Assisted suicide in Germany. Savarino: “let’s pay attention to only apparently autonomous choices”

The coordinator of the Bioethics Commission of the Methodist, Baptist and Waldensian churches in Italy and member of the National Bioethics Committee, interviewed by the NEV Agency, asks to pay attention to situations "in which individual autonomy would seem to be present, but in practice it is not so"

Foto di Nadia Angelucci

Rome (NEV), March 8,  2020 – Luca Savarino, coordinator of the Bioethics Commission of the Methodist, Baptist and Waldensian churches in Italy and member of the National Bioethics Committee, expressed himself, in an interview by the NEV Agency, about the sentence of the Federal Constitutional Court of Karlsruhe, Germany of last February 26. Such judgement declared unconstitutional the article which prohibits medically assisted suicide, contemplated in a law approved by the German parliament in November 2015. According to this article, organized suicide assistance is punishable by up to three years. Here following the words of Savarino: “From a personal point of view, I have always declared myself in favor of the moral lawfulness and of the   legalization of assisted suicide in exceptional cases, that is, very specific and circumscribed cases, such as for example some particular conditions of illness. Of course what these conditions should be is something that politics must decide.

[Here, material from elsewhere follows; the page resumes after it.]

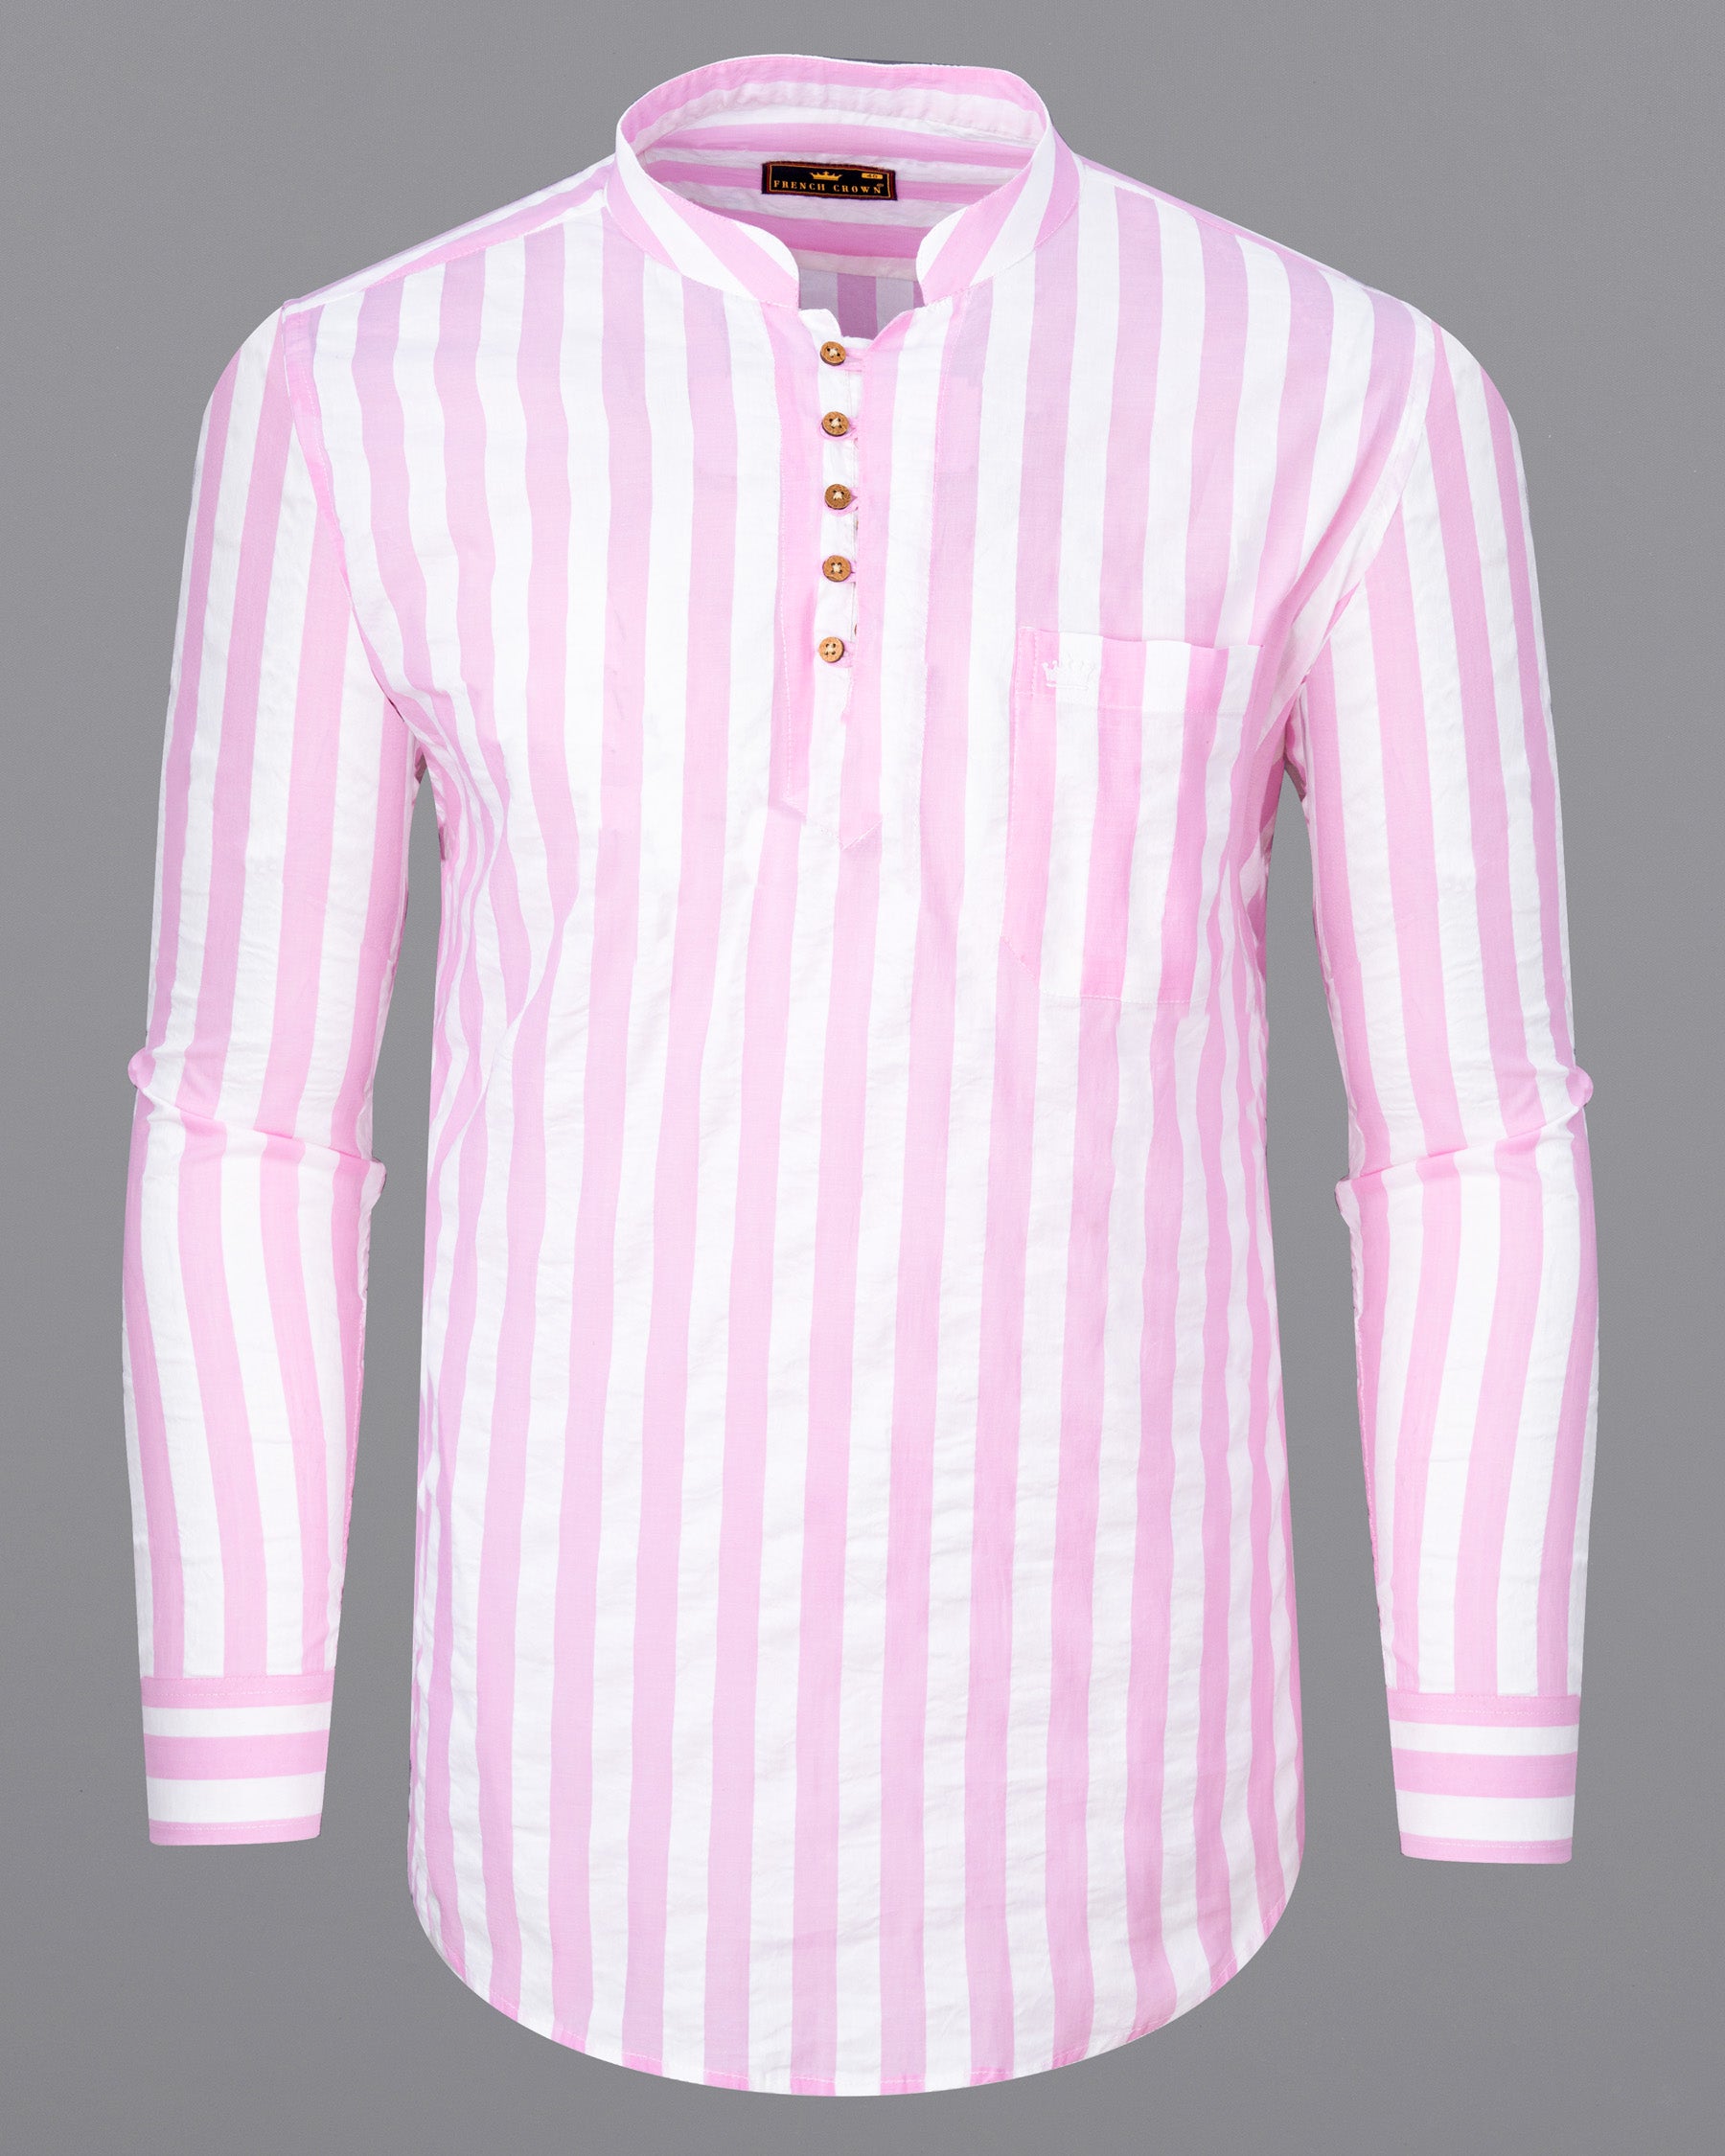 Bright White and Cherub Pink Striped Premium Cotton Kurta Shirt 6839-KS-38,6839-KS-38,6839-KS-39,6839-KS-39,6839-KS-40,6839-KS-40,6839-KS-42,6839-KS-42,6839-KS-44,6839-KS-44,6839-KS-46,6839-KS-46,6839-KS-48,6839-KS-48,6839-KS-50,6839-KS-50,6839-KS-52,6839-KS-52

However, I believe that the request to be helped to die and the acceptance of this request, in certain cases, can be morally justified and should be legally possible.  I do not intend to go into details of the legitimacy of a German court of justice because I do not have a specific juridical competence; therefore my opinion is only ethical and political”.
And it is precisely from this point of view that Savarino agrees with the concerns expressed by the German Evangelical Church and the German Catholic Bishops’ Conference.
“I am perplexed by the idea that medically assisted suicide should be a possibility accessible to everybody on the basis of the right to decide the way and the moment of one’s death in accordance with one’s idea of ​​human dignity – said Savarino -. This type of position is in my opinion dangerous and unsustainable because there are situations in which individual autonomy would seem to be present, but in fact it is not so. I share the idea expressed in the joint press release of the German churches that this type of ethical legal approach, would entail the risk of excessive pressure on fragile categories of people – elderly or sick persons -, or weak categories of the population – those who are economically disadvantaged  – by inducing these people to implement seemingly autonomous but actually contingent choices, being them heavily conditioned by the social context in which they find themselves”.